### Centrality: 
    Who are the most important nodes in the graph? 

- Degree
- Closeness 
- Betweenness
- Eigenvector

In [4]:
import networkx as nx 

In [5]:
import pandas as pd 
fields = ['Source','Target']
got = pd.read_csv('data/got1.csv', usecols=fields)
got = got.append(pd.read_csv('data/got2.csv', usecols=fields), ignore_index = True)
got = got.append(pd.read_csv('data/got3.csv', usecols=fields), ignore_index = True)
got = got.append(pd.read_csv('data/got4.csv', usecols=fields), ignore_index = True)
got = got.append(pd.read_csv('data/got5.csv', usecols=fields), ignore_index = True)

In [6]:
GOT = nx.from_pandas_edgelist(got,source='Source',target='Target')
print(nx.info(GOT))

Name: 
Type: Graph
Number of nodes: 796
Number of edges: 2823
Average degree:   7.0930


Degree Centrality:

Degree: The number of nodes a node is connected to 

Centrality:

$C_D(u) = \frac{deg(u)}{(n-1)}$

In [10]:
degree_centrality = nx.degree_centrality(GOT)
type(degree_centrality)

dict

In [5]:
sorted(degree_centrality.items(), key= lambda x: x[1], reverse=True)[:5]

[('karev', 0.22580645161290322),
 ('sloan', 0.16129032258064516),
 ('torres', 0.12903225806451613),
 ('grey', 0.12903225806451613),
 ('izzie', 0.12903225806451613)]

In [14]:
sorted(GA.degree(),key = lambda x : x[1], reverse=True)[:5]

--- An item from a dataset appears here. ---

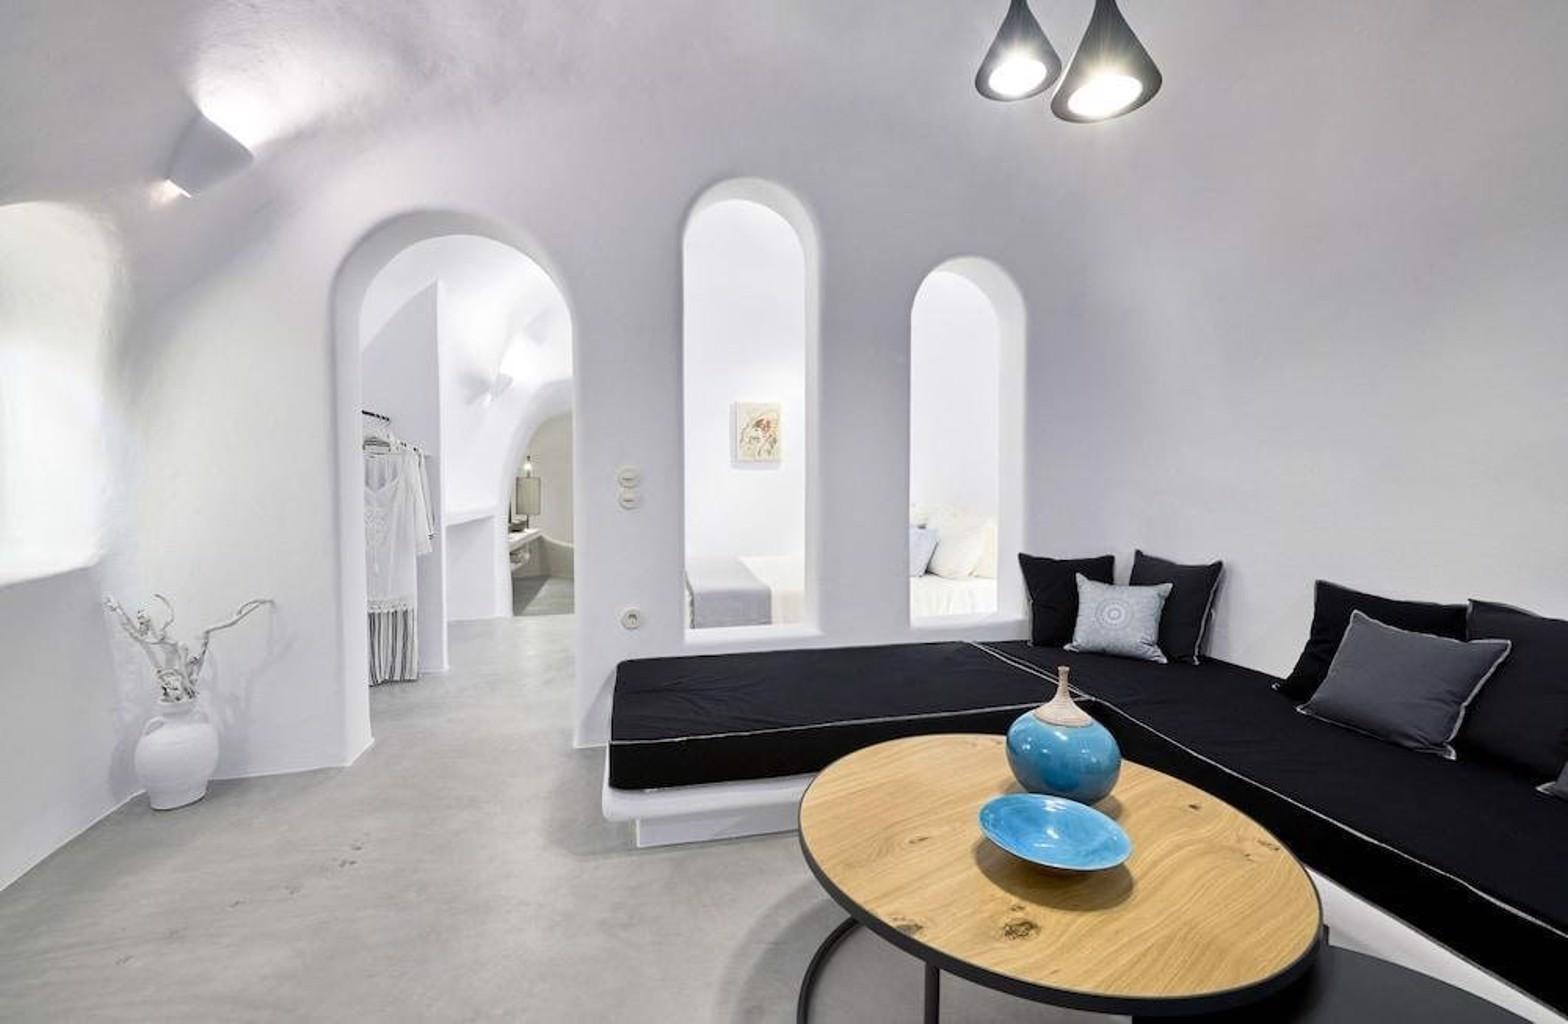 The Bubble Suite

[('karev', 7), ('sloan', 5), ('torres', 4), ('grey', 4), ('izzie', 4)]

### Closeness centrality:

Average distance to all other nodes

$C_C(u) = \frac{n-1}{\sum_{v=1}^{n-1} d(v,u)}$

Reciprocal of this is the average distance to all other nodes.|

In [15]:
closeness_centrality = nx.closeness_centrality(GA)
closeness_centrality

{'lexi': 0.26253101736972706,
 'sloan': 0.2892290869327502,
 'karev': 0.2892290869327502,
 'owen': 0.19173613628126135,
 'yang': 0.1594814591498342,
 'altman': 0.2337604949182501,
 'torres': 0.29937747594793435,
 'arizona': 0.21600653327888933,
 'derek': 0.2337604949182501,
 'grey': 0.2216170925848345,
 'izzie': 0.24731182795698925,
 "o'malley": 0.2708653353814644,
 'colin': 0.13228307076769194,
 'preston': 0.13228307076769194,
 'kepner': 0.21067303863002787,
 'addison': 0.2892290869327502,
 'nancy': 0.21067303863002787,
 'olivia': 0.2337604949182501,
 'mrs. seabury': 0.21067303863002787,
 'chief': 0.07373271889400922,
 'adele': 0.05161290322580645,
 'ellis grey': 0.08602150537634408,
 'thatch grey': 0.07373271889400922,
 'susan grey': 0.05161290322580645,
 'bailey': 0.06451612903225806,
 'tucker': 0.04301075268817204,
 'hank': 0.18752215526409075,
 'denny': 0.18752215526409075,
 'finn': 0.17236884978820463,
 'steve': 0.17236884978820463,
 'ben': 0.04301075268817204,
 'avery': 0.196143

In [16]:
sorted(closeness_centrality.items(), key= lambda x: x[1], reverse=True)[:5]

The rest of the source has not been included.